February in the school office. The accountant has a spreadsheet open on one screen and a stack of paper proofs on the other. PPF passbooks, LIC premium receipts, school tuition fee receipts (yes, teachers' own children study at the same school), home loan interest certificates, rent receipts, NPS statements, mediclaim premium statements. The accountant types each number into a column, hits Enter, and a formula spits out the year-end TDS for every teacher. Half the values are wrong because two columns swapped row order somewhere in November.

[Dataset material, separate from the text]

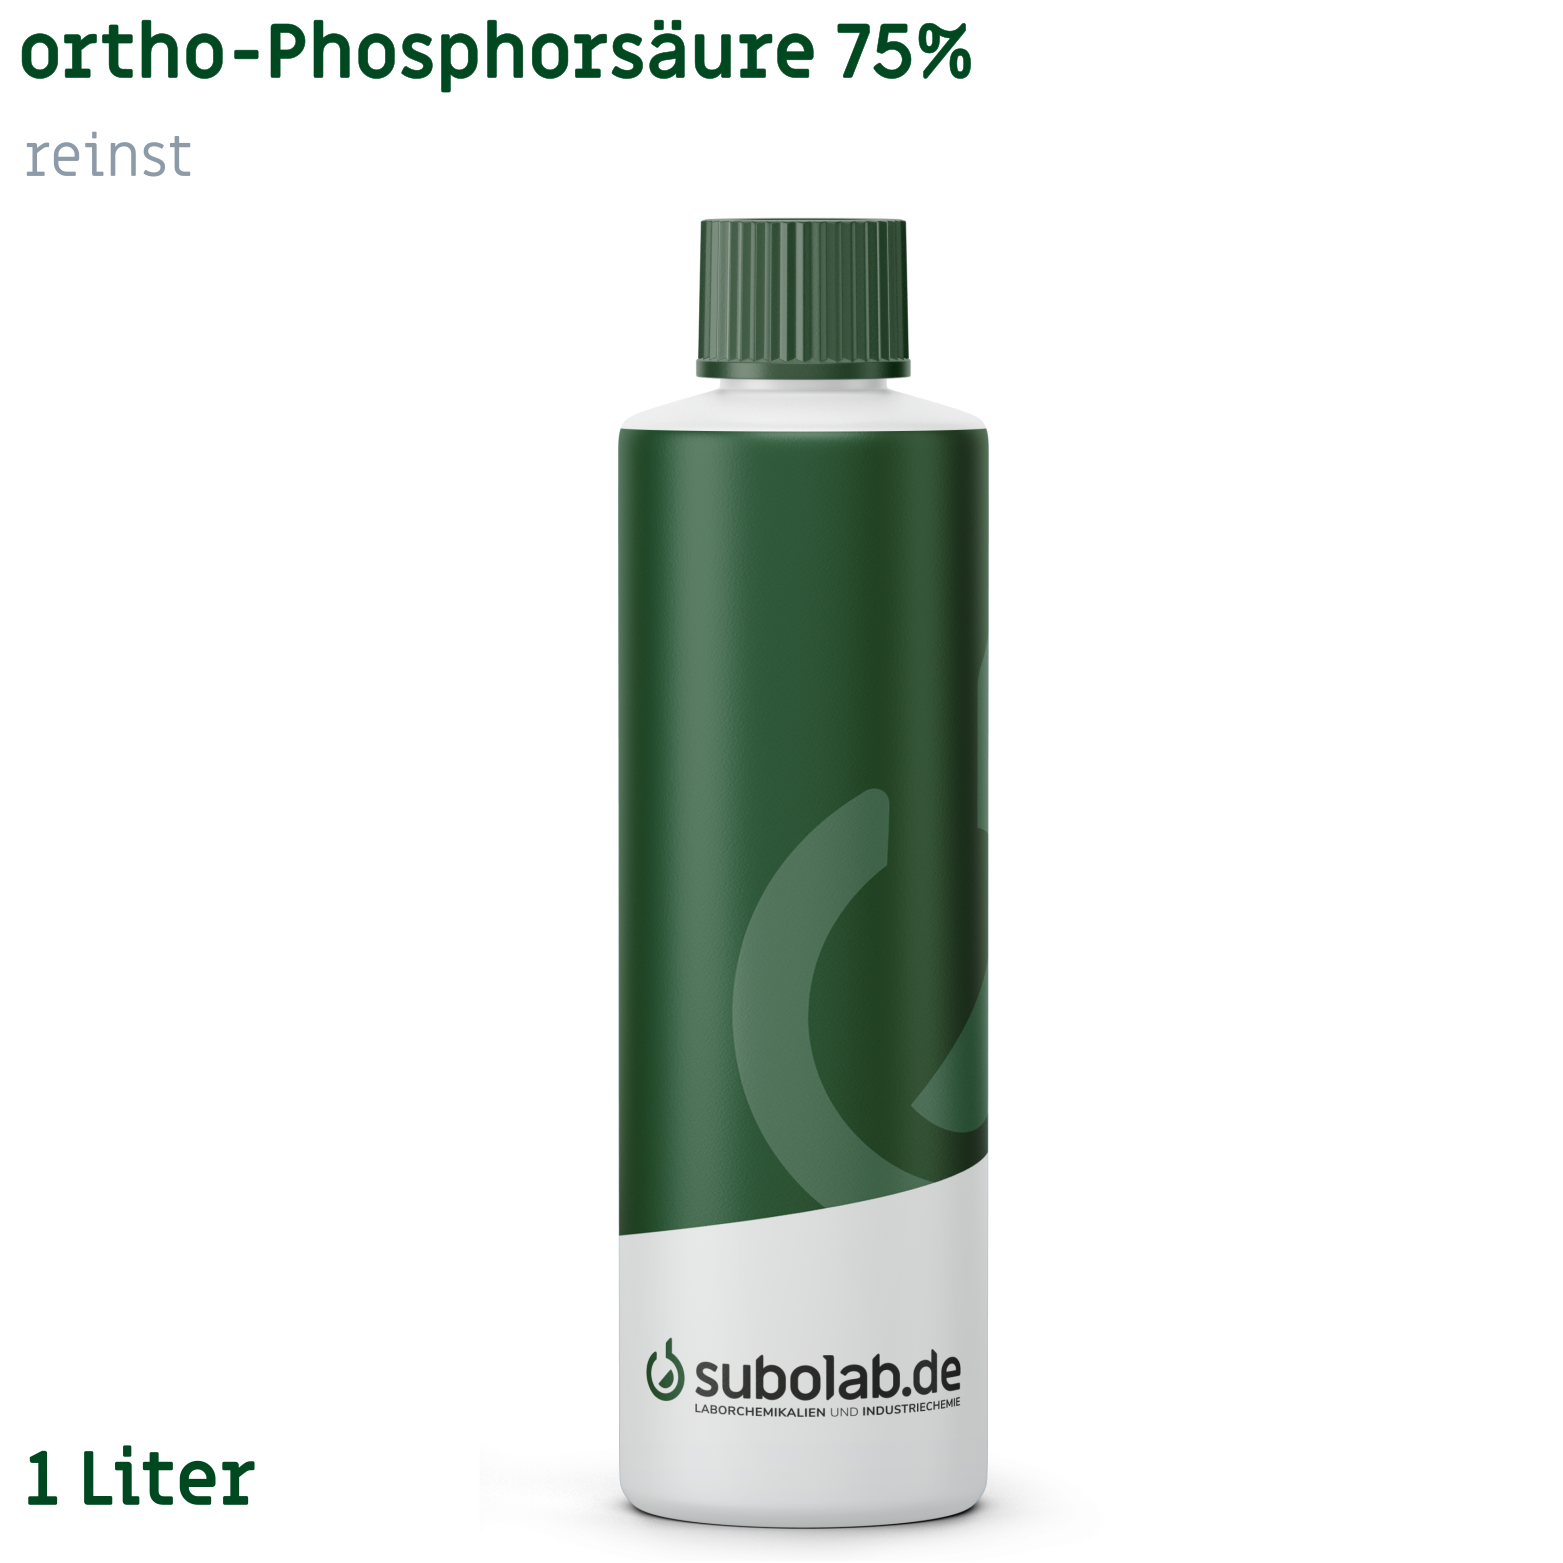 Bild von ortho-Phosphorsäure 75% reinst (1 Liter)

The principal sends a WhatsApp at 9pm: 'Sharma sir says he has submitted PPF and HRA, but his March slip shows ₹14,000 TDS. Please check.' The accountant reopens the spreadsheet, finds the error, fixes one cell, and now the year-end totals for three other teachers have shifted because the same workbook had cross-references no one remembered. By the time Form 16s are issued in May, two teachers file revised returns at their own cost.

This is not a school problem. It is a tool problem. Excel cannot model the old regime versus new regime decision, cannot remember which proofs are still pending in October, cannot regenerate Form 16 the moment a number changes. Inkwelly does.

How the declaration flow works

At the start of every financial year (April), every employee on Inkwelly is prompted to file a fresh Investment Declaration. The teacher logs into the employee portal, picks a tax regime — old or new — and enters expected investments and exemptions for the year: 80C (PPF, ELSS, LIC, tuition fees, home loan principal), 80D (mediclaim for self and parents), HRA (city of residence, monthly rent, landlord PAN if rent exceeds the cut-off), 80CCD(1B) NPS additional, 80E education loan interest, 80TTA savings interest, and home loan interest under Section 24.

The declaration is captured as a year-plan, not a final filing. Each row says 'I expect to invest ₹X under section Y by 31 March 2027'. The school's accountant approves the declaration (or sends it back with a note) and from that moment, every monthly TDS computation uses the declared figures to project the year-end tax liability and split it equally across the 12 months — so the teacher sees a stable monthly TDS instead of a spike at year-end.

In January, every teacher is asked to submit proof for what they declared. PPF passbook scan, LIC premium receipt, rent agreement, mediclaim policy. Inkwelly tracks each proof against the declared row — verified, pending, rejected. If a proof is rejected or missing by the school's cut-off date (usually mid-February), Inkwelly automatically recomputes February and March TDS to recover the under-deducted tax in those two payslips. No surprise refund. No surprise demand. Read more in the pay periods workflow.

Old regime vs new regime, decided once

From FY 2023-24 onwards, the new tax regime is the default for salaried employees in India. The old regime is now an opt-in choice that must be declared every year. Inkwelly captures this declaration on the very first form — the teacher picks one, the regime locks for the financial year, and every payslip from April onwards reflects that choice.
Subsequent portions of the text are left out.